■ **WORK ORDER**: Every line from the one containing "1114x1300 Girl Lollipop" to the end of the data below should be copied exactly, but pictures should not.

-- GIVEN MATERIAL follows --

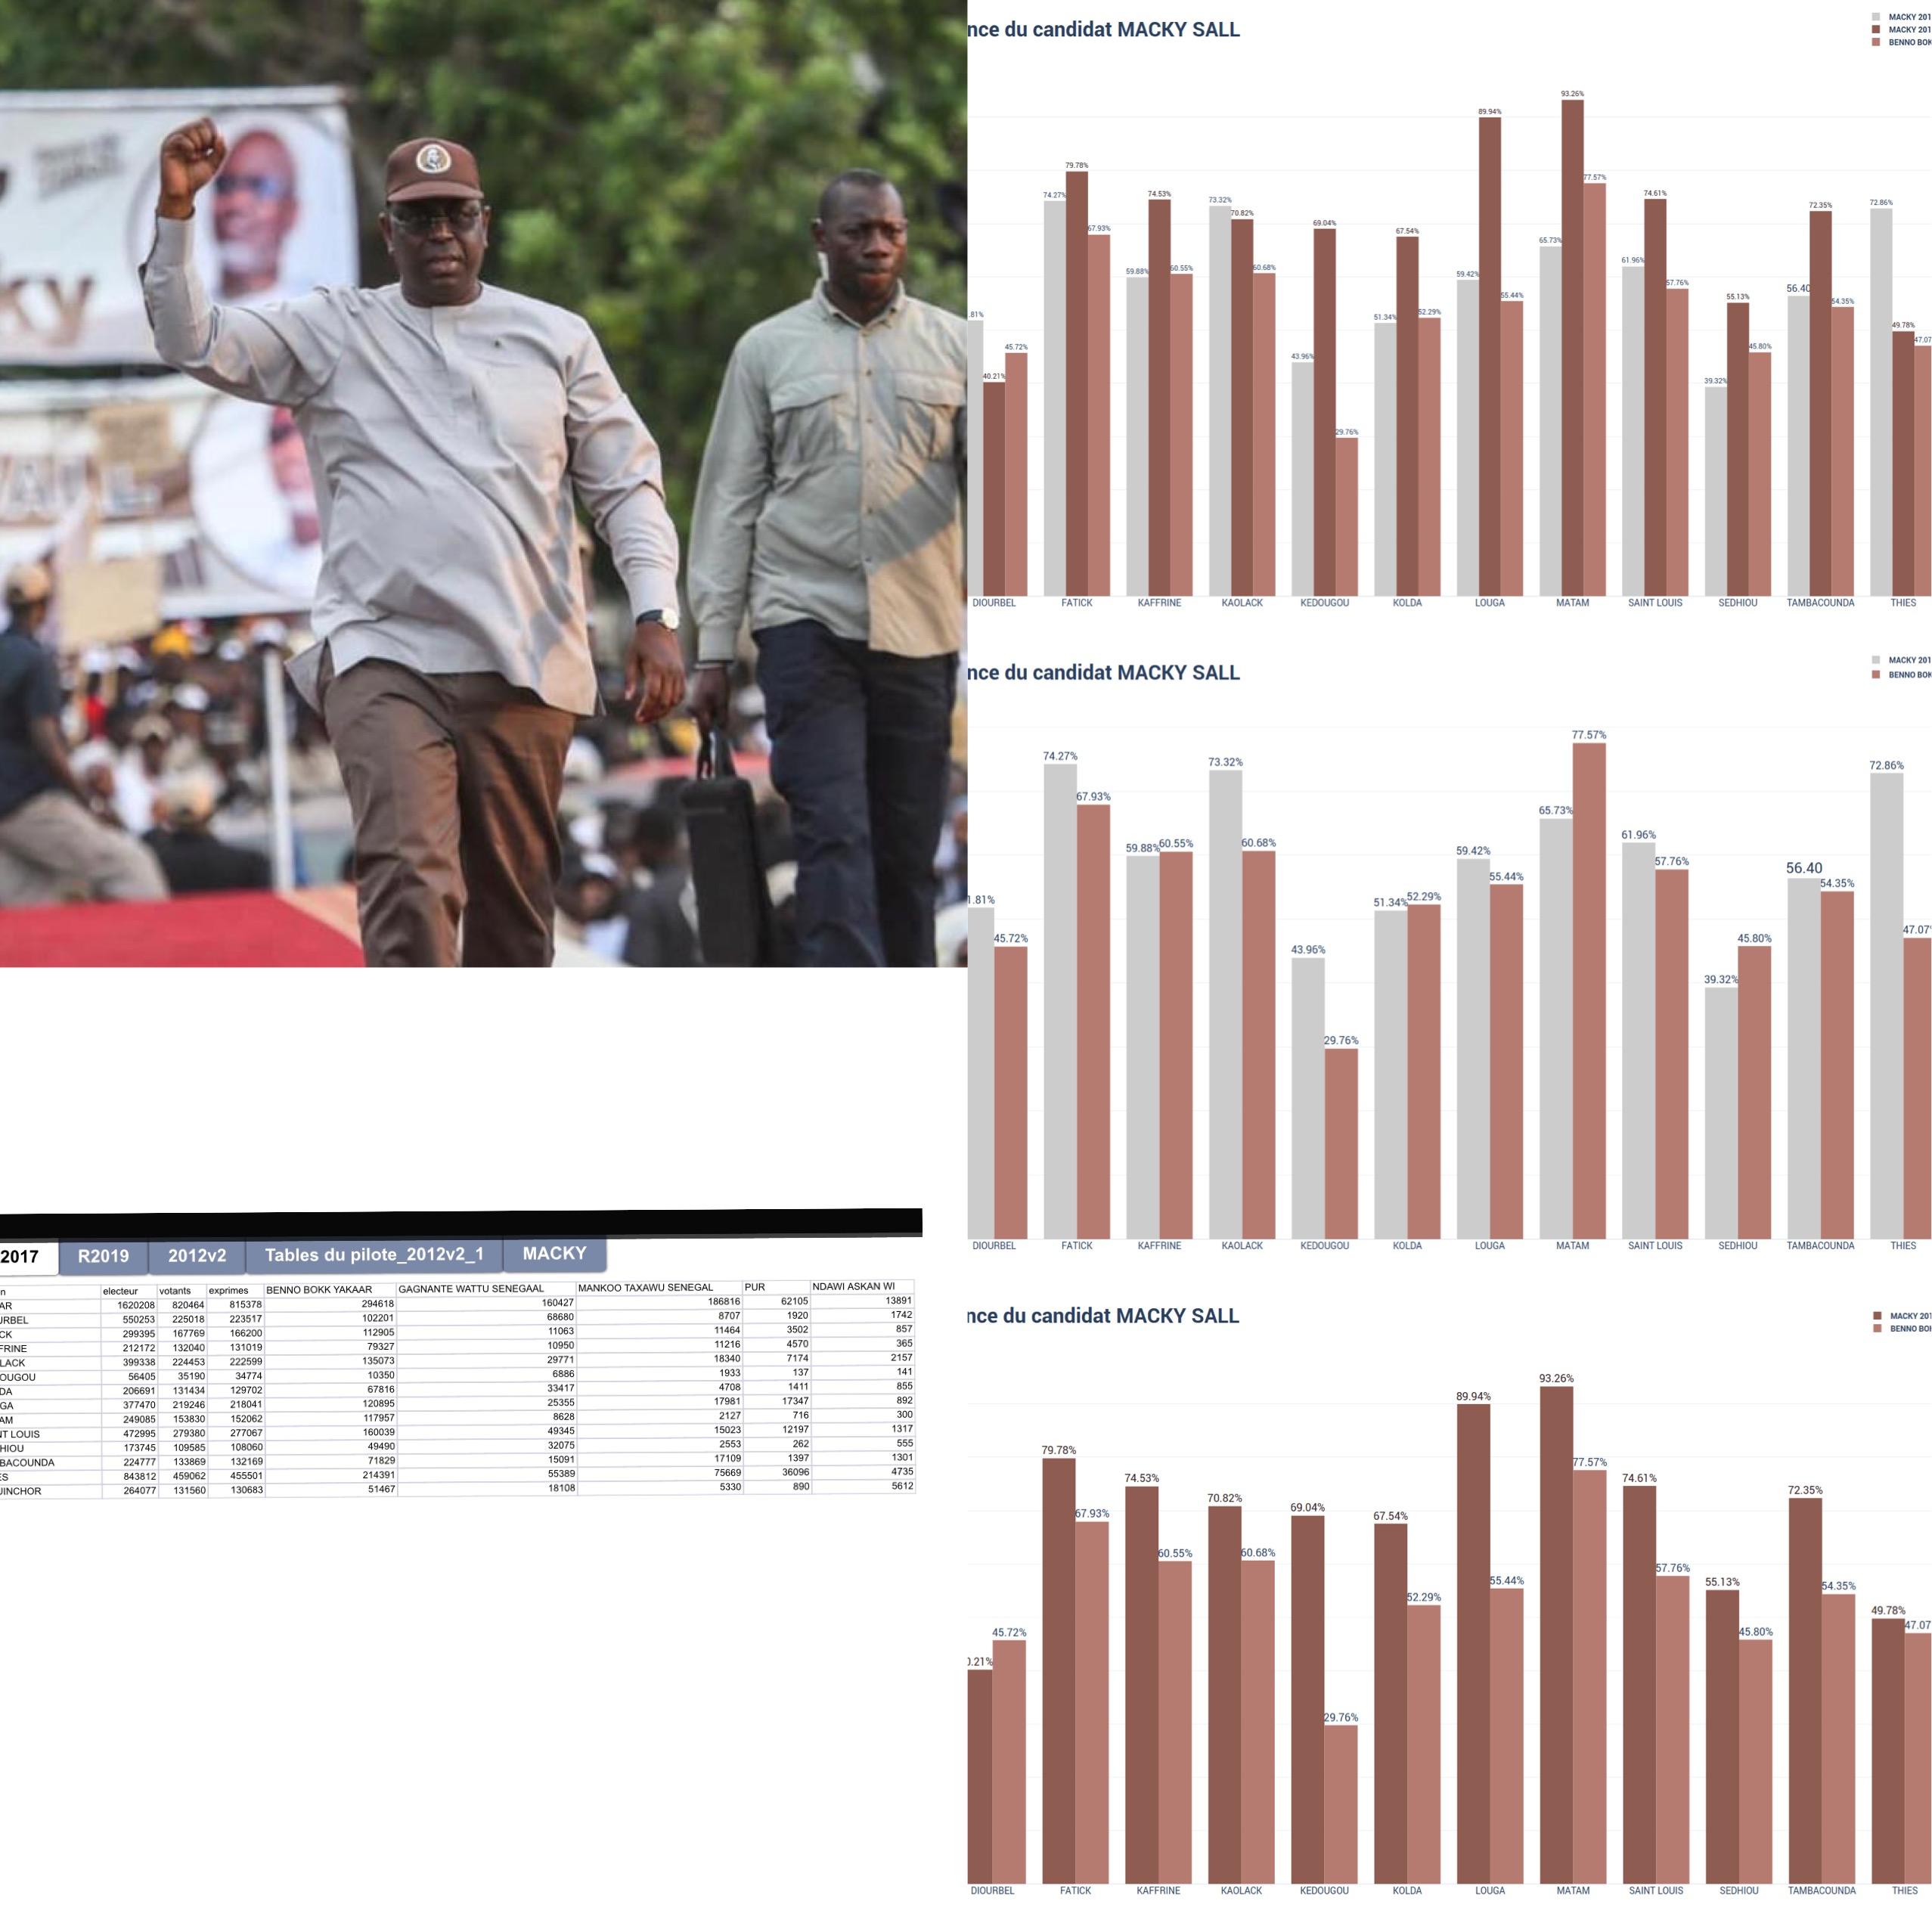 Réélu dès le premier tour avec 58,27% : Comment Macky Sall a remonté la pente entre 2017 et 2019
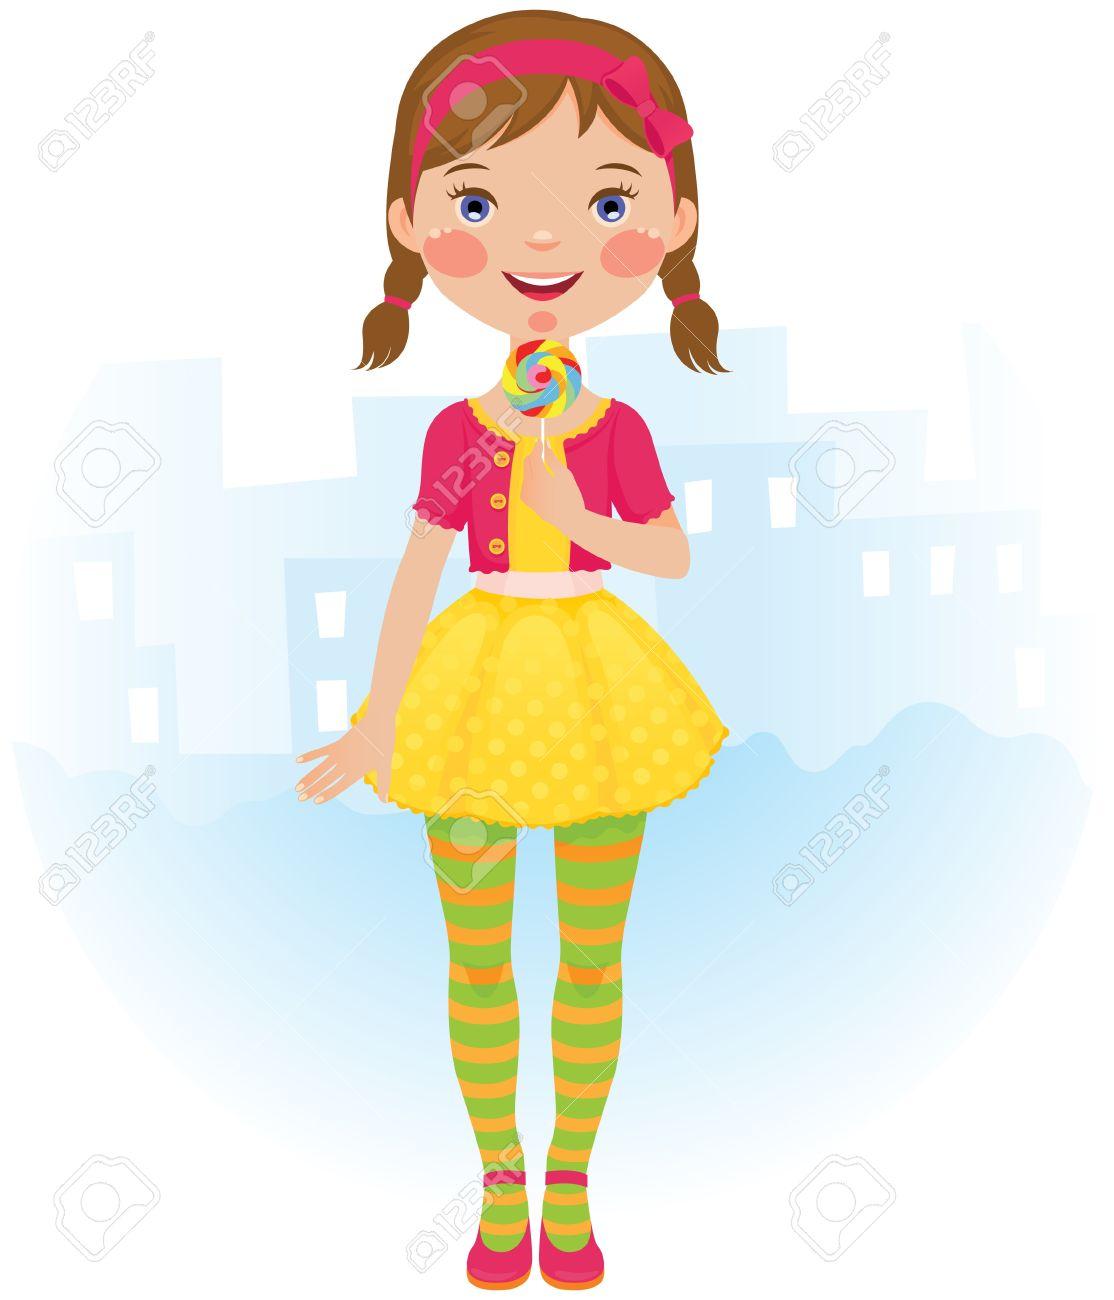 1114x1300 Girl Lollipop Clipart, Explore Pictures
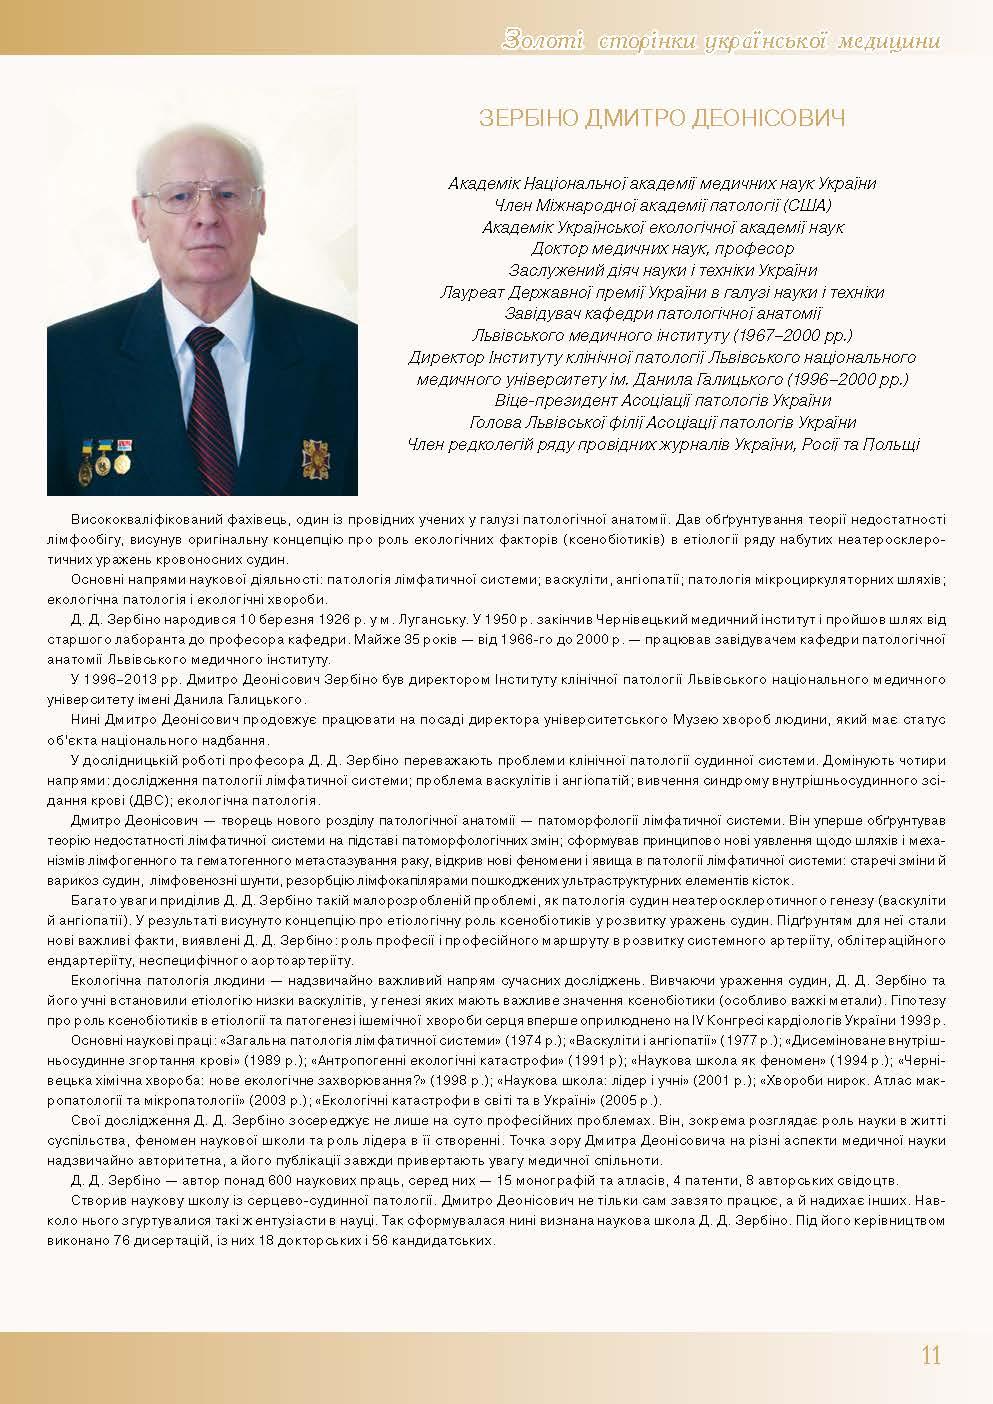 Зербіно Дмитро Деонісович

-- GIVEN MATERIAL concluded --

■ **FINISHED EXERCISE**:
 1114x1300 Girl Lollipop Clipart, Explore Pictures
 Зербіно Дмитро Деонісович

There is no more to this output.